Advent invites us to be honest and real in whatever we feel, and then watch and listen for answers.

We all go through times when we doubt the Creator’s presence and existence. We ask how God could allow things to happen and whether God really cares.

Who are you? Where are you? Are you even here?

It’s important to share our feelings and ask our questions, whatever they may be. When I became separated from mom in the department store, she didn’t know I was afraid until I called out to her. She responded immediately.

As I’ve grown, I’ve found that my feelings of separation and alienation most often come from my own distractions or my preconceived ideas of how things ought to be. I get so focused on one thing that I lose sight of everything important.

Something as small as a few shoppers can obscure my view of the ever-present Parent.

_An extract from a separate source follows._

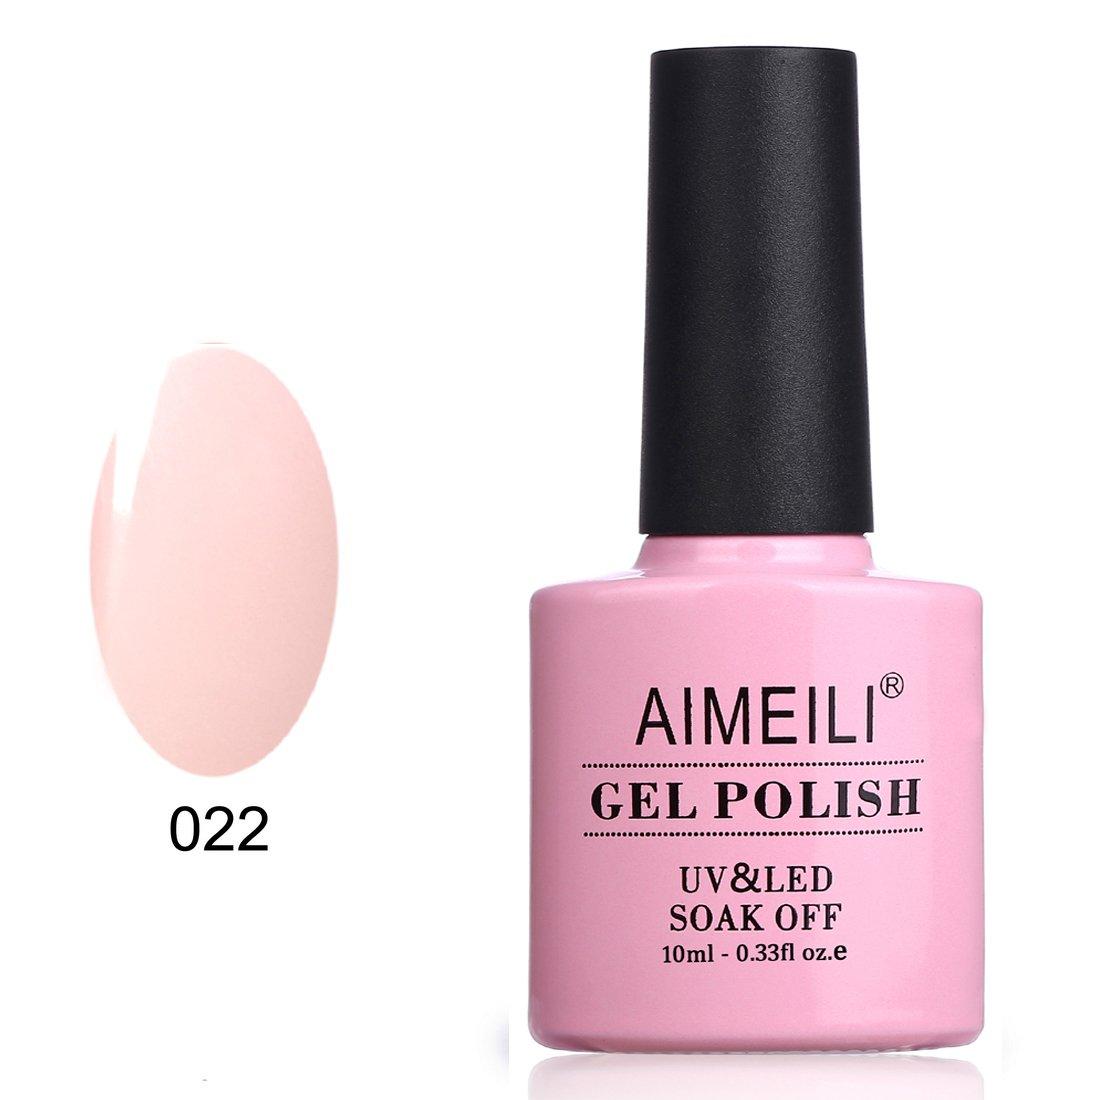 AIMEILI Soak Off UV LED Gel Nail Polish - Rose Nude (022) 10ml

During my daily walks, I’ll get so focused on watching my individual steps – don’t want to trip! – that I don’t even look up at the gorgeous sky during the day or at the amazing stars at night.

They’re right there, but I don’t notice them.

“Invites us to be honest and real”

Or I obsess over some act of narcissism or injustice to the point that I lose my internal peace and no longer notice the countless acts of kindness and joy around me that more than outweigh the others.

I can so easily forget that love is our uninterrupted connection to one another and to the One who creates and sustains everything with an ever-present love.

So feel free to accept Advent’s invitation to stop, ask, and listen. To seek, knowing that what we want is right in front of us – obscured perhaps by our distractedness and panic, but present nonetheless.

And when we call out, to listen for that voice reminding us again: I’m right here. Watching over you the whole time.

(photo by Jasmic at CreativeCommons.org https://www.flickr.com/photos/58826468@N00/422104937)

Author: Joe Kay

I have the privilege to be pastor at Nexus Church UCC in the Hamilton, Ohio area. Thanks for participating in this blog. Feel free to add your thoughts and comments so we can learn from one another. You can reach me privately at joekay617@aol.com. Peace!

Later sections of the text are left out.